Сам Вл. Глинка, с конца 20-х и до 1941 года — хранитель и сотрудник последовательно музеев Петергофа, Грузино, Царского Села, Фонтанного дома Шереметевых, Русского музея, а потом Эрмитажа — вспоминал о чудовищном разграблении ценностей: До сих пор вижу, как в кошмаре, в двух залах, выходящих на Неву, — в бывшей половине последней царицы — нагроможденную почти до потолка нашу коллекционную мебель.

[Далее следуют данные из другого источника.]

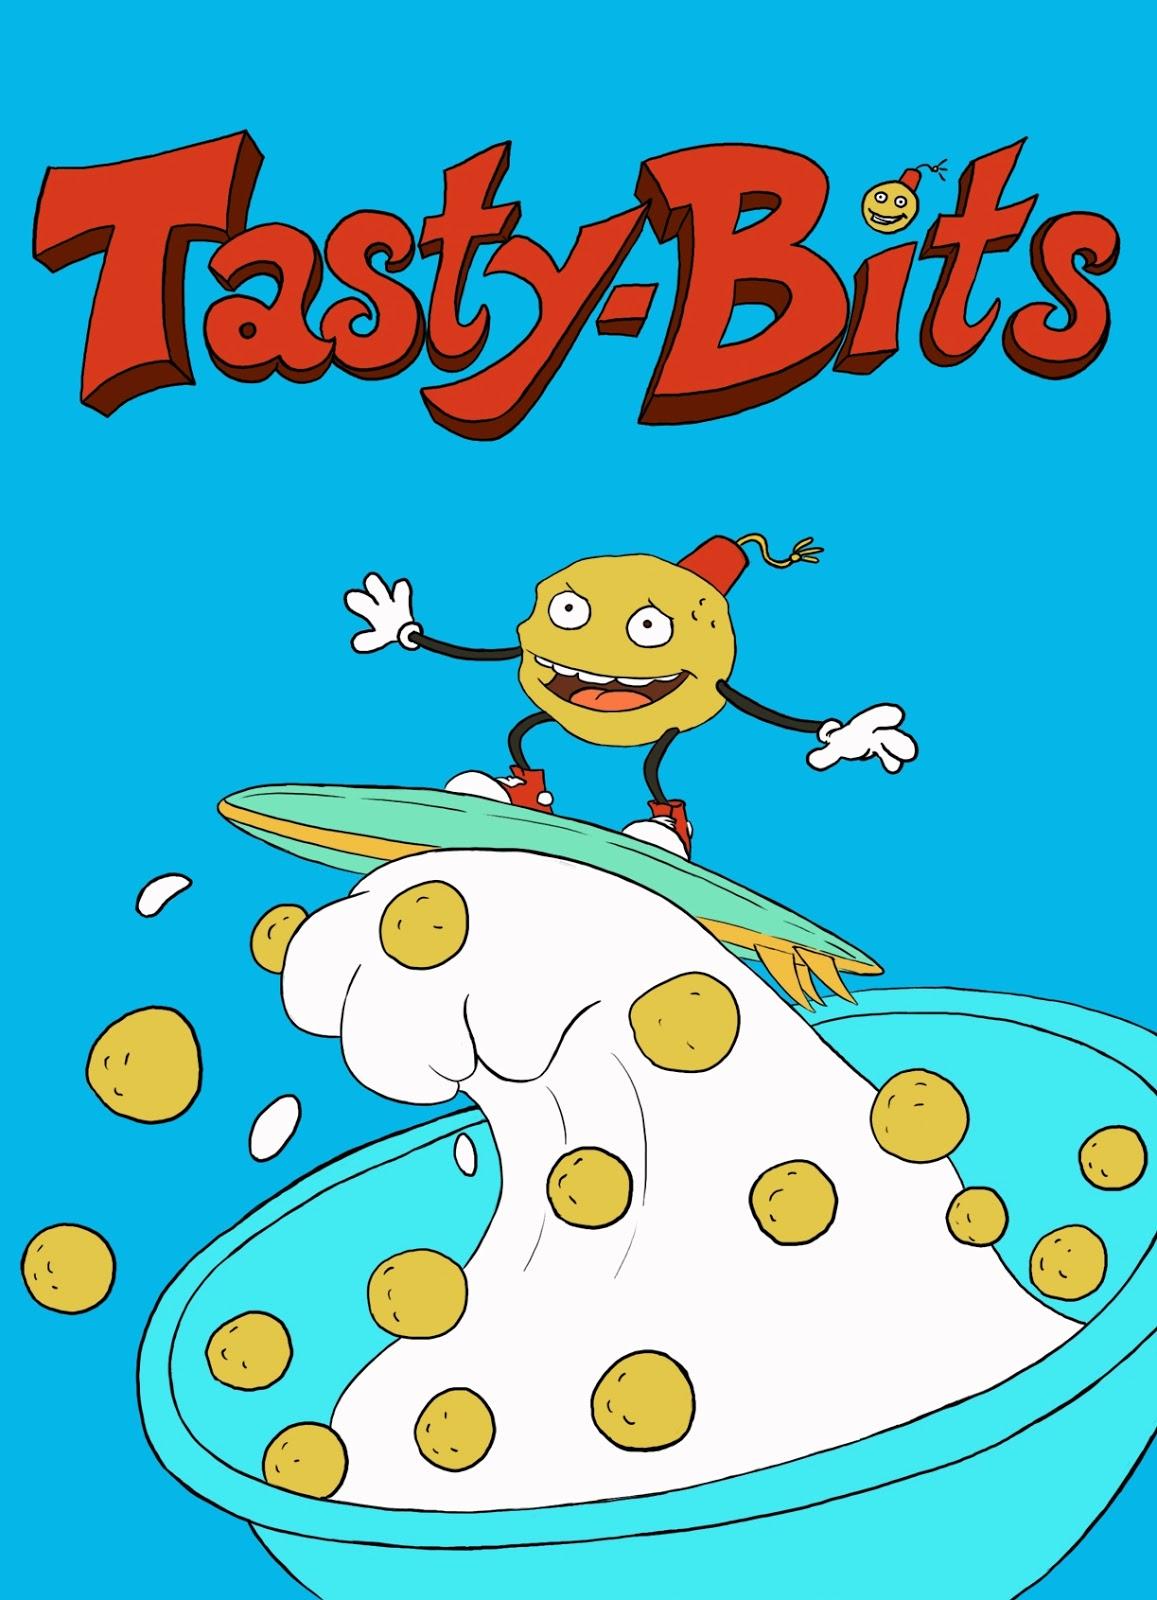 fysh's blog: Breakfast Cereal mascots

Сколько при этой перевозке и забрасывании “все выше и выше” было переломано ценнейших предметов из Строгановской усадьбы Марьино, из Шереметевского Фонтанного дома, особняка Бобринских на Галерной, из дома купцов Терликовых, из митрополичьих покоев в Александро-Невской лавре, из особняка Штиглицев-Половцевых, из множества других! Карельская береза, красное дерево, персидский орех, палисандр, бронзовые каннелюры, золоченые сфинксы, прорванные шелковые сиденья и ручные вышивки, — все это громоздилось перед нами. Отдельной горой были сложены обломки — локотники кресел, ножка клавесина, подножье арфы с педалями

А впереди была массовая продажа за границу бесценных эрмитажных полотен, проводившаяся якобы в интересах освобожденного народа, затем — в 1950—70-е — бездумное раздаривание кому надо и не надо нашего национального достояния. Порой, спасая от гибели портреты царских генералов и сановников, военную атрибутику, гобелены, изумительный русский фарфор или знамена царских полков, музейщики проявляли поистине чудеса изобретательности. И не в эти ли, кстати, времена зародилась пламенная любовь властителей ко всему “барскому”?

И надо было уметь — в этом царстве мнимостей, где бал правился глубоко невежественными, примитивными существами, где пышным цветом расцвели человеческая глупость и пошлость, сохранить абсолютную независимость мысли. Ибо любовь к правде и только к правде — это прежде всего антипошлость и антиневежество.

Тут, кстати, припоминается и один из рассказов Владислава Михайловича о роте Преображенского полка, с помощью которой Елизавета Петровна пришла к власти. Разумеется, эти триста пятьдесят лейб-гвардейцев сразу же по воцарении дщери Петровой были осыпаны всевозможными дарами и привилегиями. Всех их возвели в потомственное дворянство, они получили личные гербы и земельные наделы. Но… за два десятка лет почти все они спились, спустили с молотка свои имения или проиграли их в карты.

Вот как оно бывает в России со скоробогачами…

А вот характерный пример упорно не стареющей тесной спайки невежества с хамством — уже из более близкого к нам времени. Некогда знаменитый историк-античник Лев Львович Раков, ученый секретарь Эрмитажа, директор уничтоженного Музея обороны Ленинграда, один из очень близких Вл. Глинке людей, как-то написал письмо прозаику-маринисту Леониду Соболеву по поводу его нашумевшего еще с горьковских времен романа “Капитальный ремонт”. Эту историю рассказывает в “Хранителе” Михаил Глинка. Что за человек был Соболев, известный сталинский подхалим, рядившийся в тогу благородного моряка, — про то, несомненно, знали и Л. Раков, и Вл. Глинка. Но Раков все-таки посчитал необходимым указать самоуверенному писателю, что линейный корабль — главное действующее лицо книги — мог в действительности иметь пять вариантов названий, но только не такое, которое дал кораблю автор. Ах, как рассыпался Соболев в благодарностях ученому: Только в Петрограде-Ленинграде, городе эрудитов, мог найтись столь тонкий знатокИ если бы только книга уже не разошлась… А сейчас, увы, уже нет никакой возможности… На второе письмо с другими замечаниями Соболев ответил крайне сухо — мол, стоит ли обращать внимание на мелочи. Третье осталось без ответа.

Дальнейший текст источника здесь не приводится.